ABOUT THIS EXERCISE
Reproduce the lines below exactly. Skip images.
╭─ RECORDS FOR PROCESSING
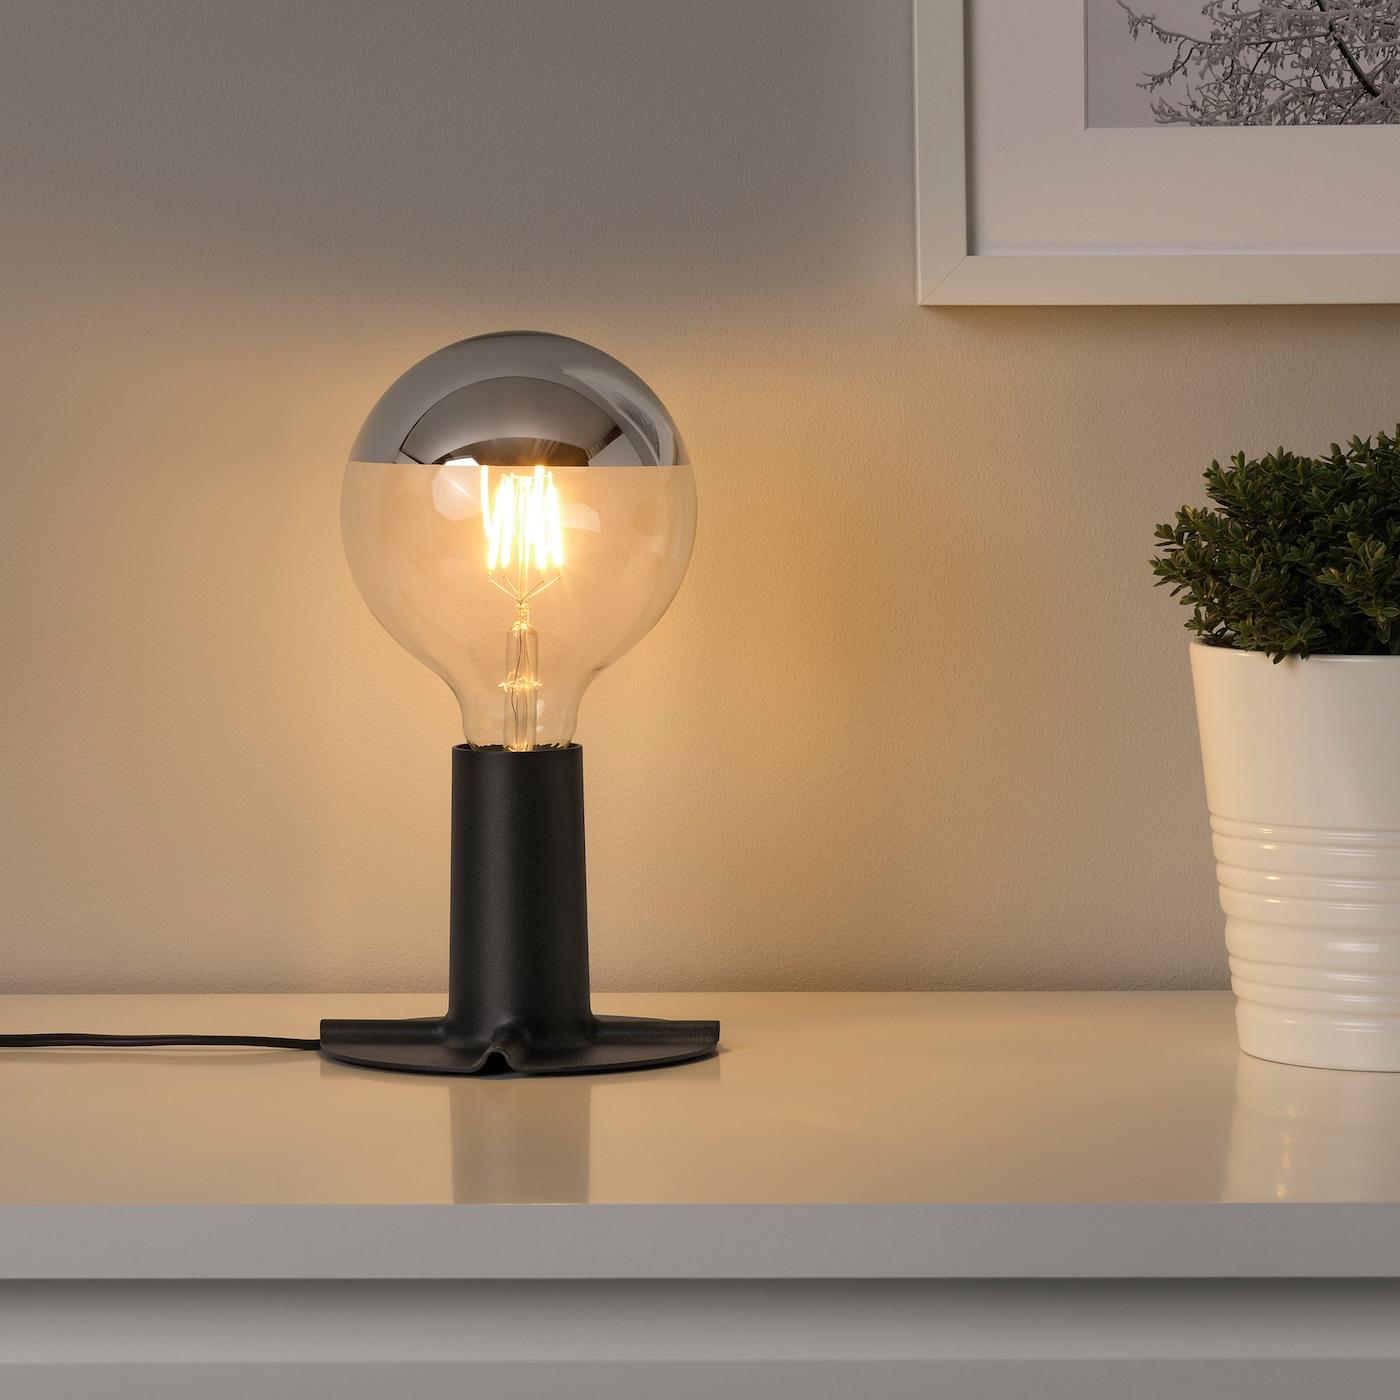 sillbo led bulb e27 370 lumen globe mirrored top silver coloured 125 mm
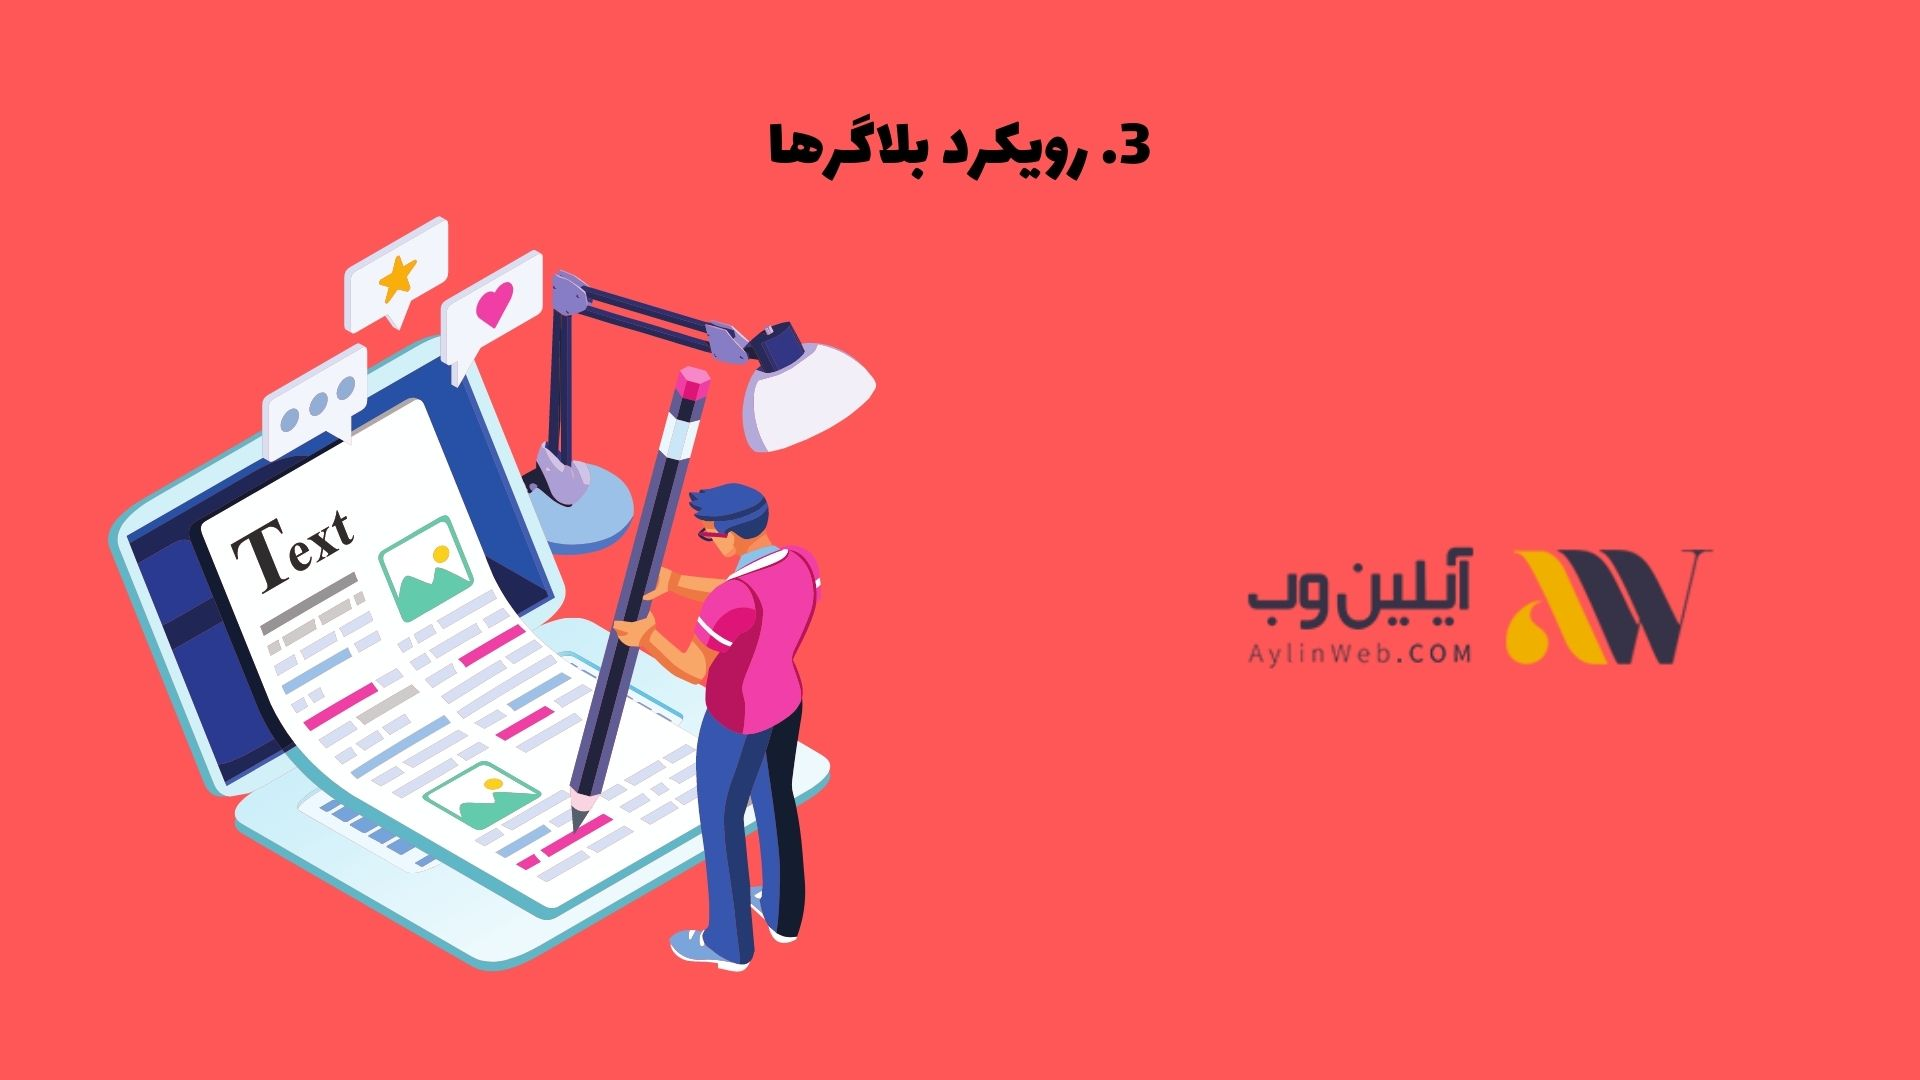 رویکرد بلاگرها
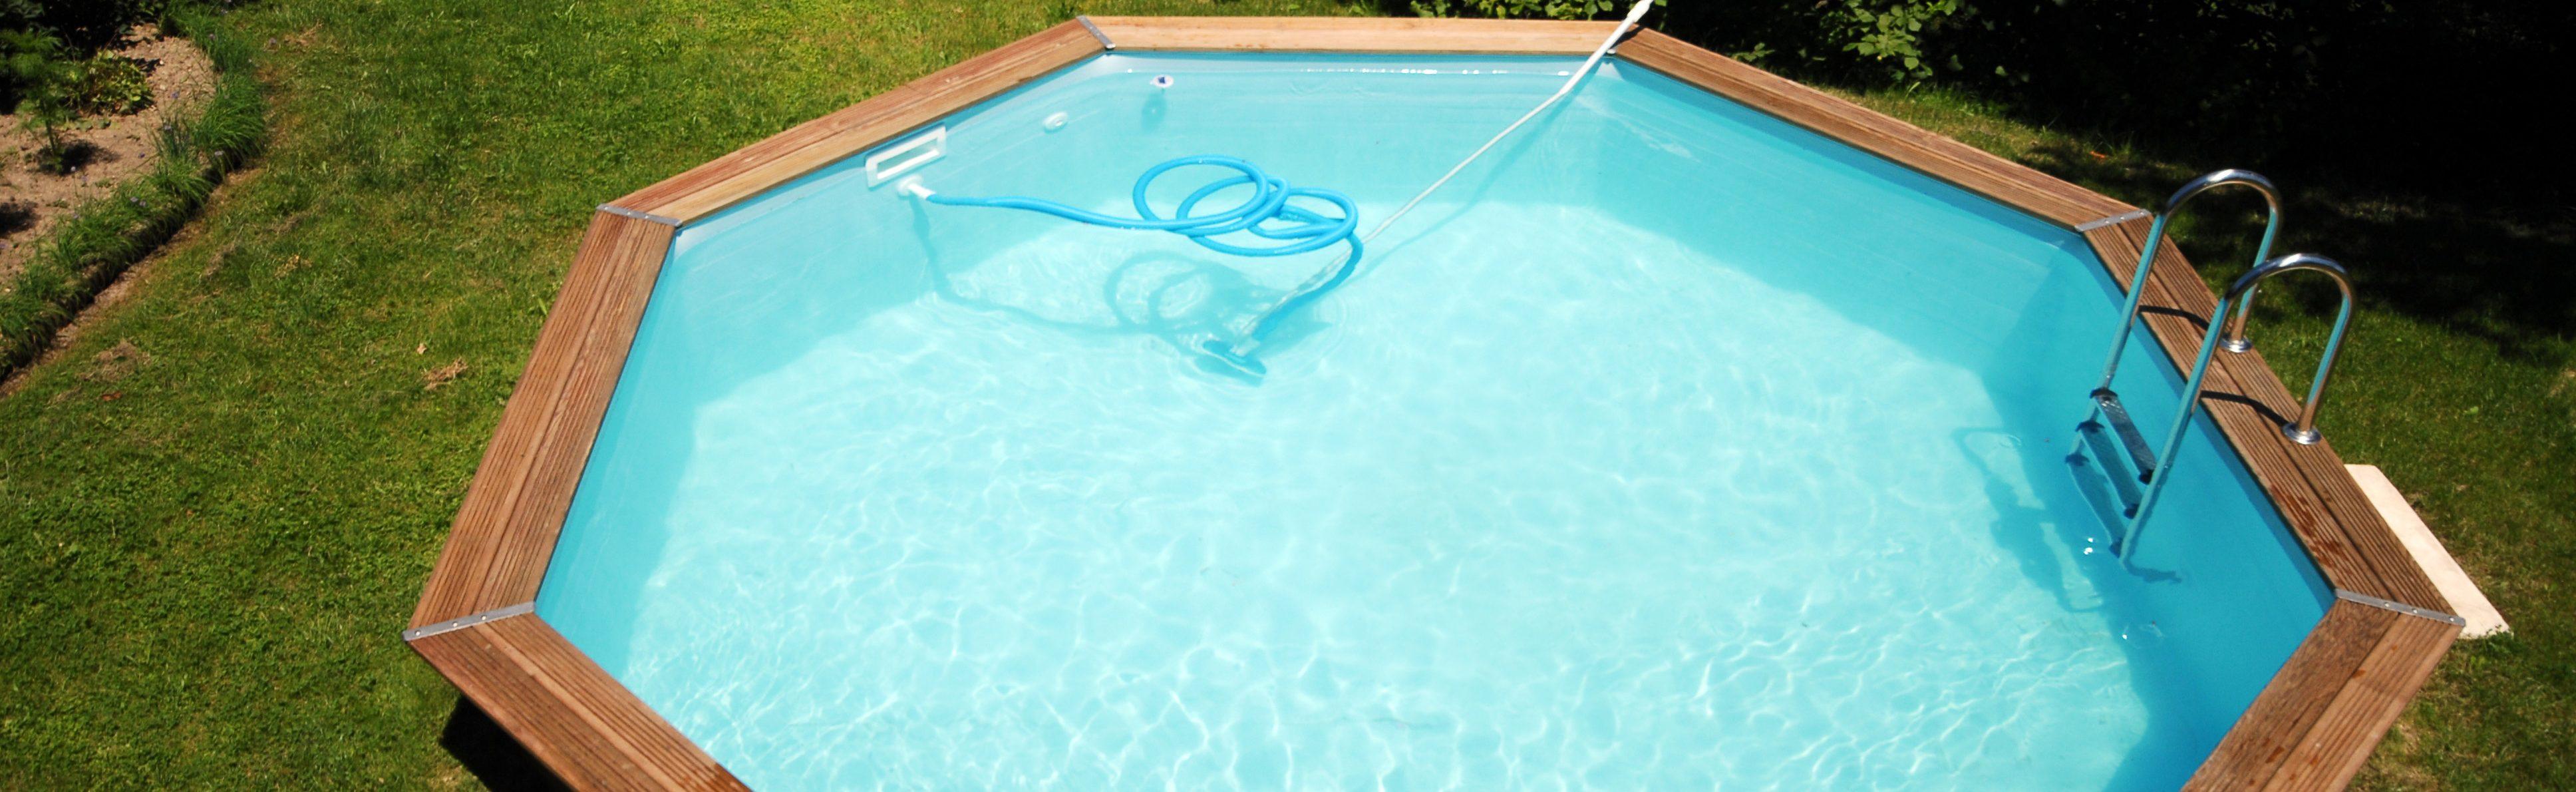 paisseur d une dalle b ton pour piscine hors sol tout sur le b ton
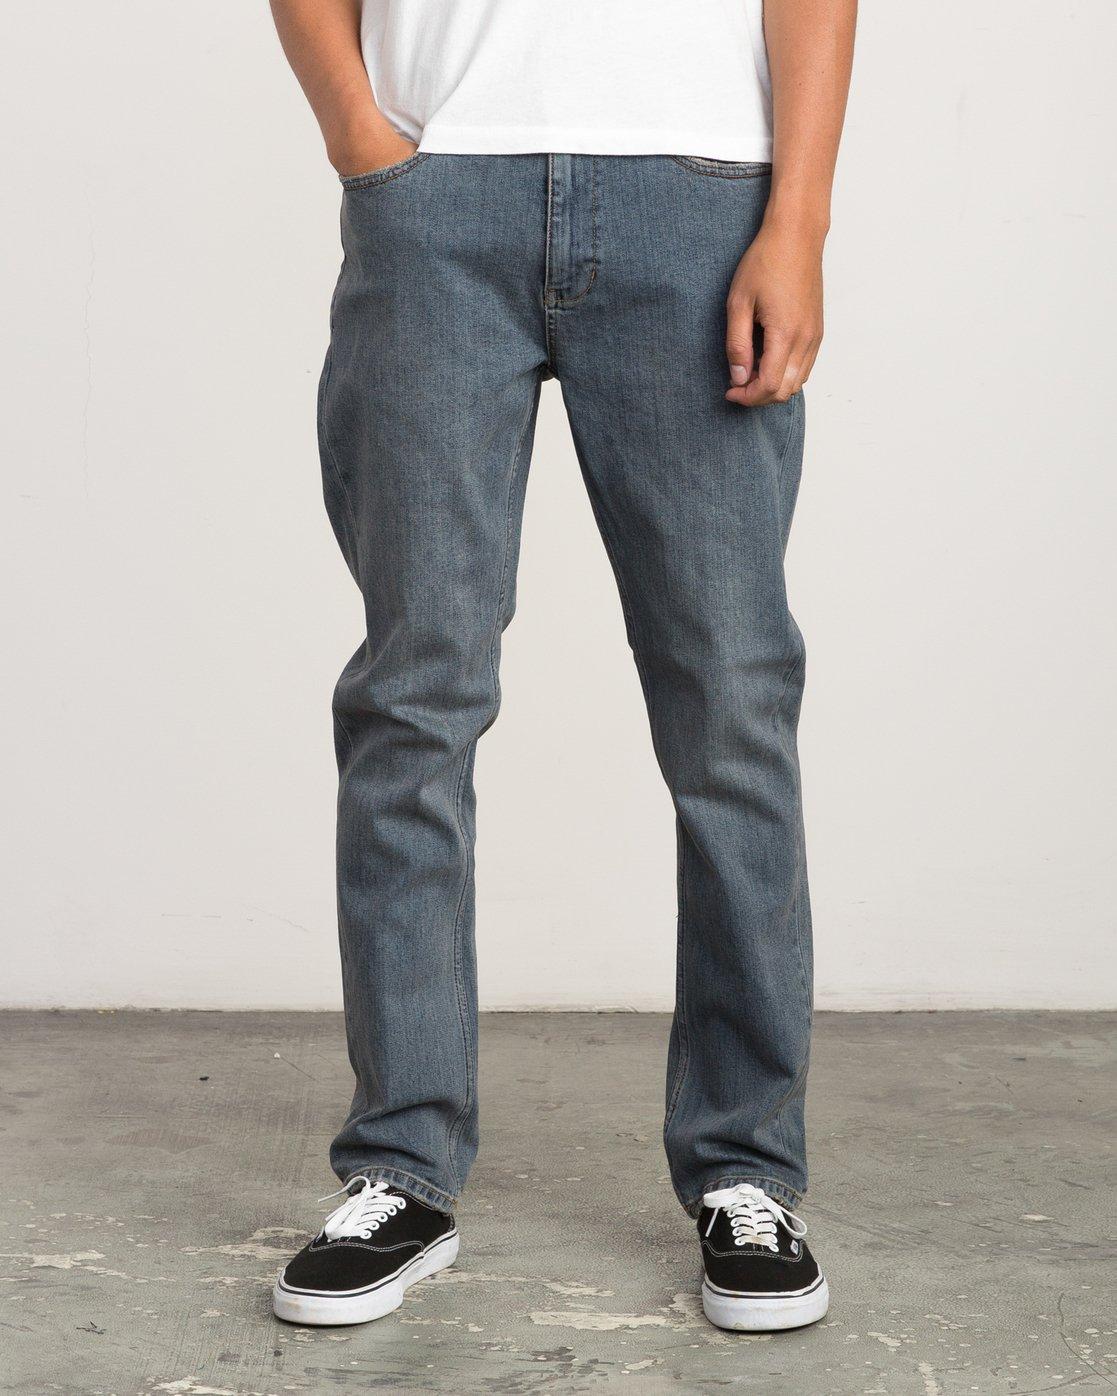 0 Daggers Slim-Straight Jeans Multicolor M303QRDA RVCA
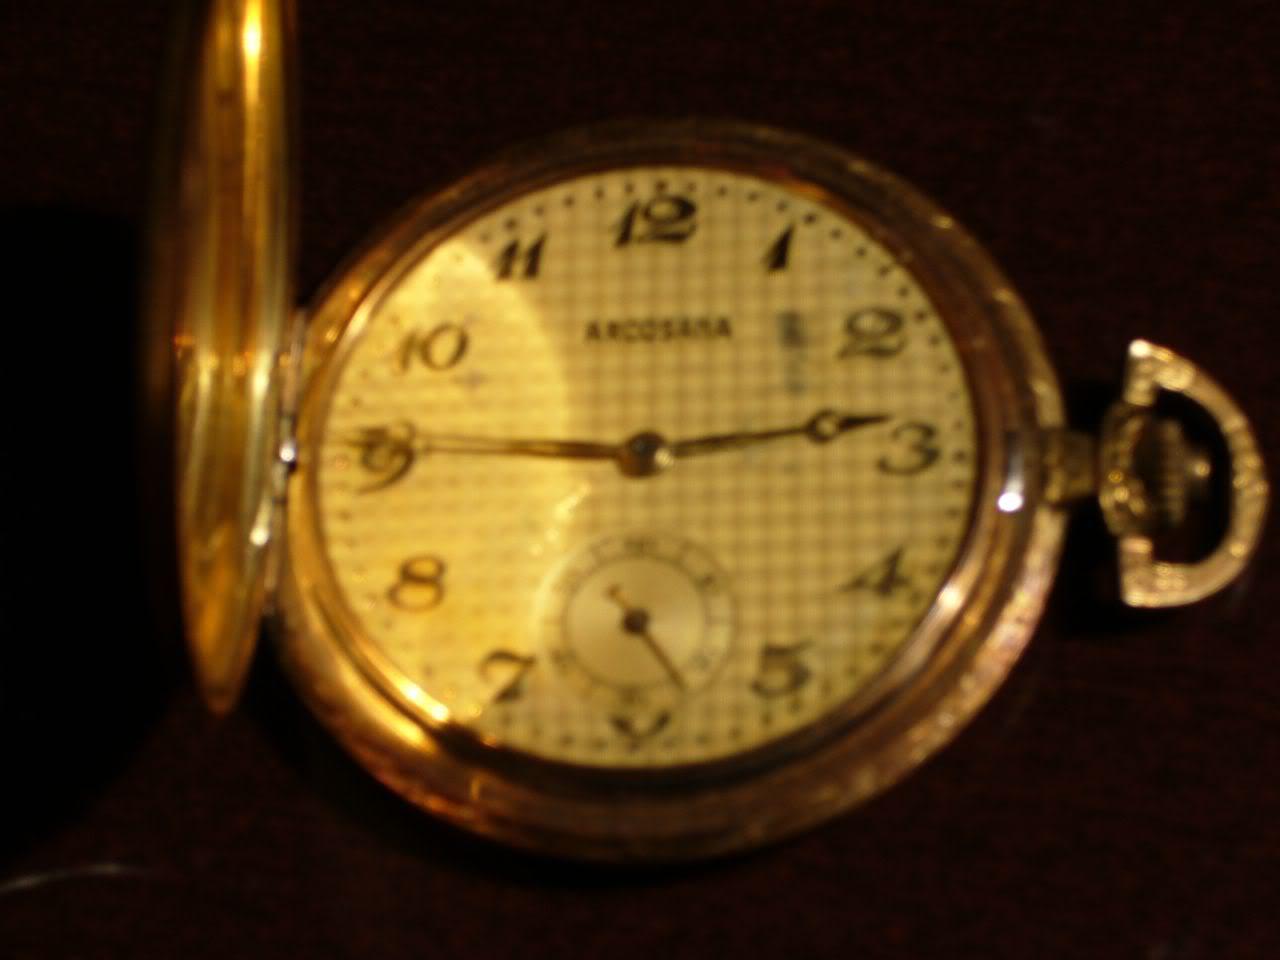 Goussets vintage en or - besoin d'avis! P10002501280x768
╰─
SOLUTION
 sillbo led bulb e27 370 lumen globe mirrored top silver coloured 125 mm
 رویکرد بلاگرها
 paisseur d une dalle b ton pour piscine hors sol tout sur le b ton
 0 Daggers Slim-Straight Jeans Multicolor M303QRDA RVCA
 Goussets vintage en or - besoin d'avis! P10002501280x768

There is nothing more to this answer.